Conventional theory says that making a quantum measurement changes the system irreversibly. But recent experiments indicate that a quantum state disturbed by a measurement can be recovered by a postmeasurement operation. Now, Hyang-Tag Lim, Seung-Woo Lee, and their colleagues at the Korea Institute of Science and Technology in Seoul demonstrate a scheme for testing different types of quantum measurements and determining how the total information is preserved [1]. They report that information about a quantum state is split into three distinct parts, in a quantifiable relationship that depends on the measurement strength.

The team’s measurement scheme used a photonic qutrit, which is a three-level quantum system whose states are defined by a single photon’s path modes. Optical components, including angled wave plates and beam splitters, both prepared the photon’s states and implemented measurement operators. During each measurement, the researchers evaluated three types of information content: the amount of information gained by the observer about the qutrit state, the amount of undisturbed information actually transmitted from system to observer during the measurement, and the success probability of restoring the undisturbed state by applying a reverse operator. By varying the strength and types of measurement operators, the researchers observed that the amount of each type of information tended to vary, with one quantity’s increase coming at the expense of another. They conclude that the information-disturbance relationship can be summarized as “the more information is obtained, the more the state is disturbed and the less recoverable it is.”
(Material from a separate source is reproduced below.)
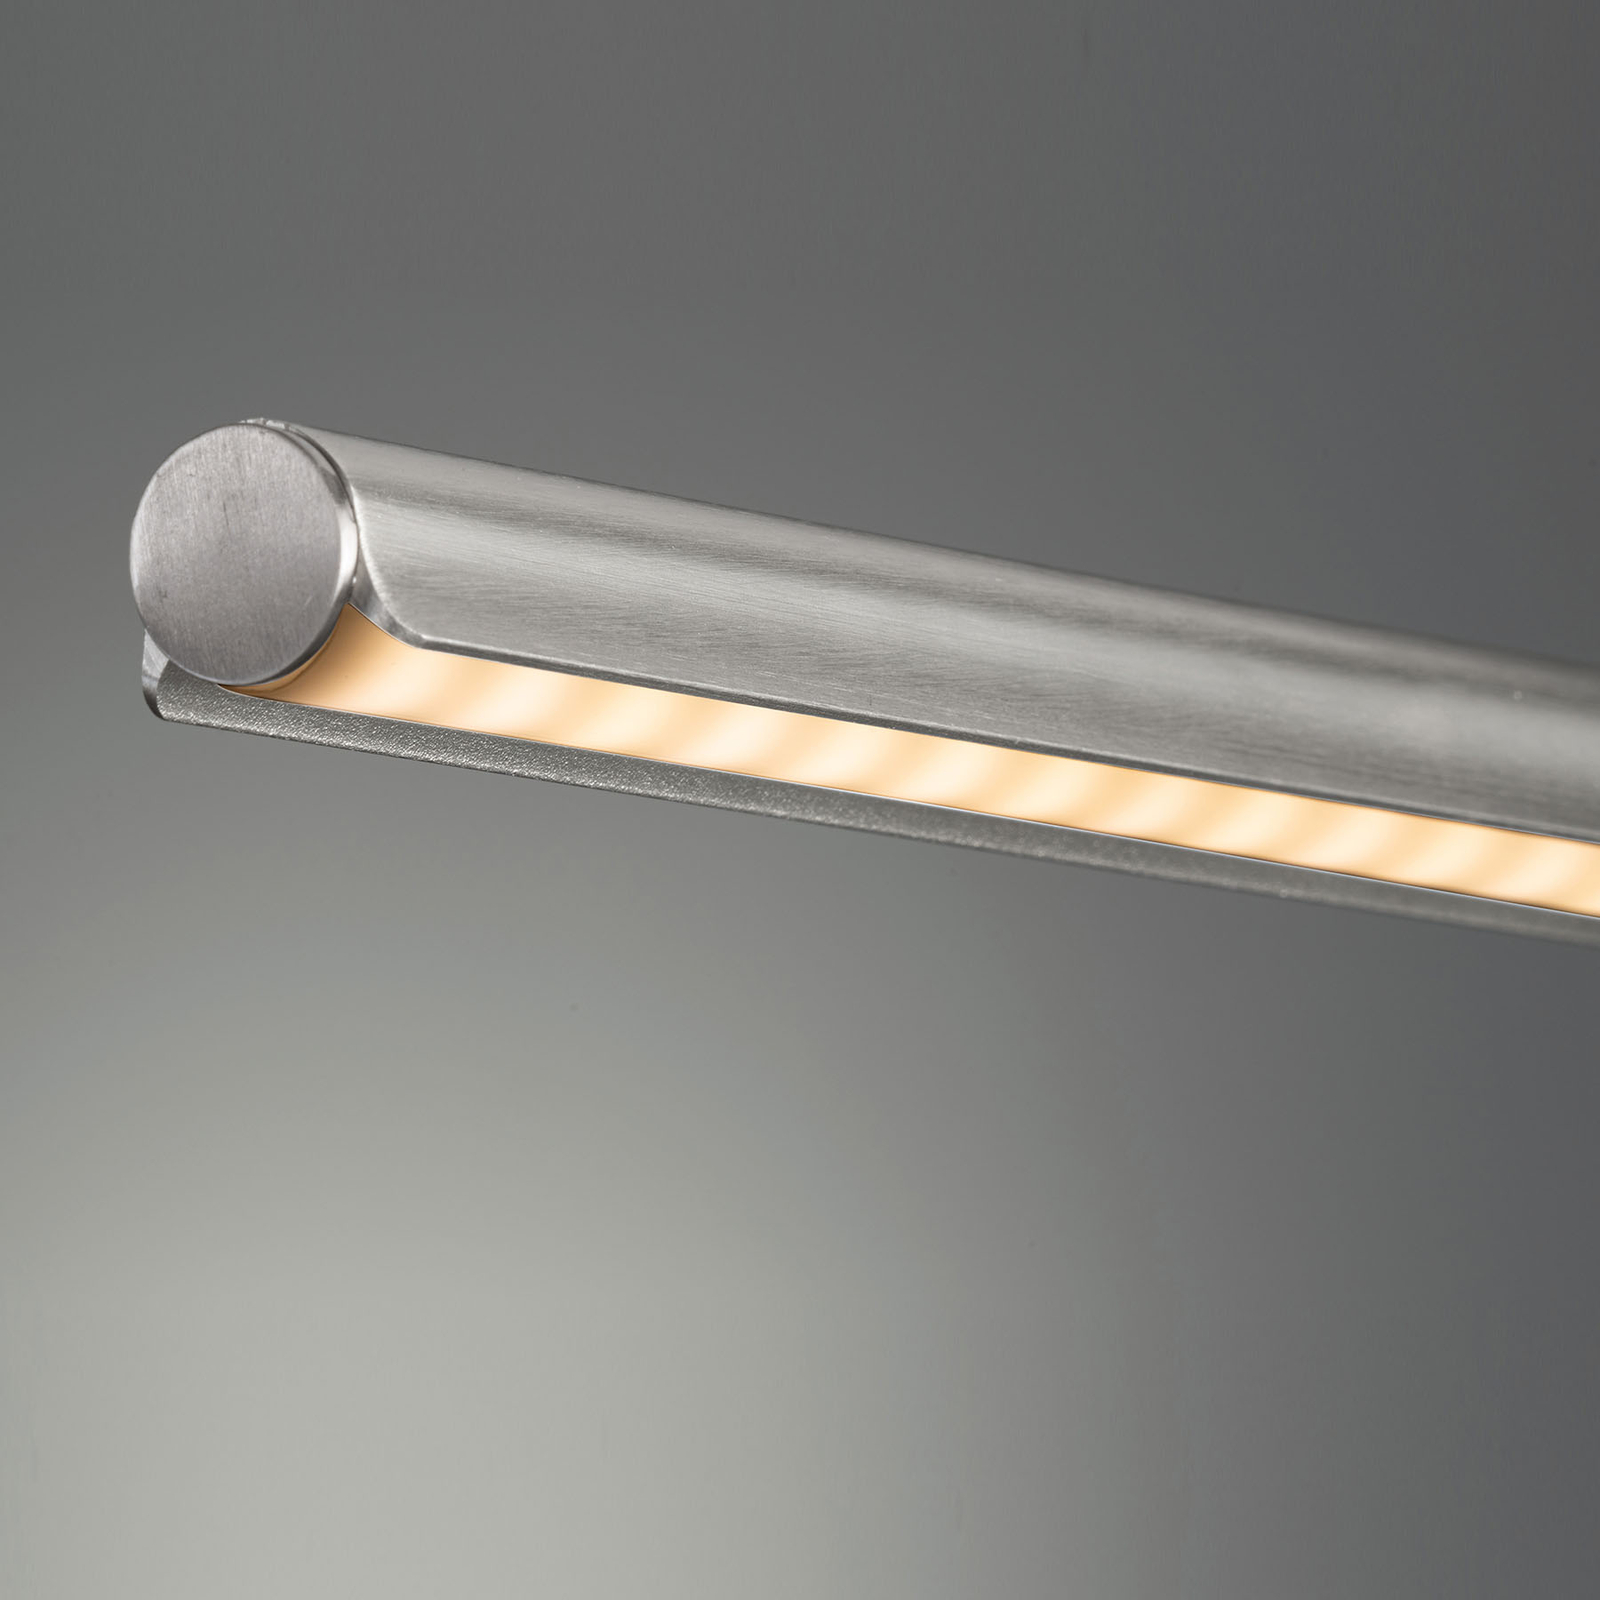 LED wandlamp Nami met schakelaar, nikkelkleurig

The experiment adds to our understanding of the information conservation law in quantum mechanics and shows how quantum measurements could be optimized to preserve information. Such optimized measurements could help researchers build reliable quantum information technologies.

Correction (4 February 2022): The text was corrected, as it incorrectly stated that the work tested whether information is conserved rather than how the information is redistributed among different channels.

–Rachel Berkowitz

Rachel Berkowitz is a Corresponding Editor for Physics Magazine based in Vancouver, Canada.


  1. S. Hong et al., “Demonstration of complete information trade-off in quantum measurement,” Phys. Rev. Lett. 128, 050401 (2022).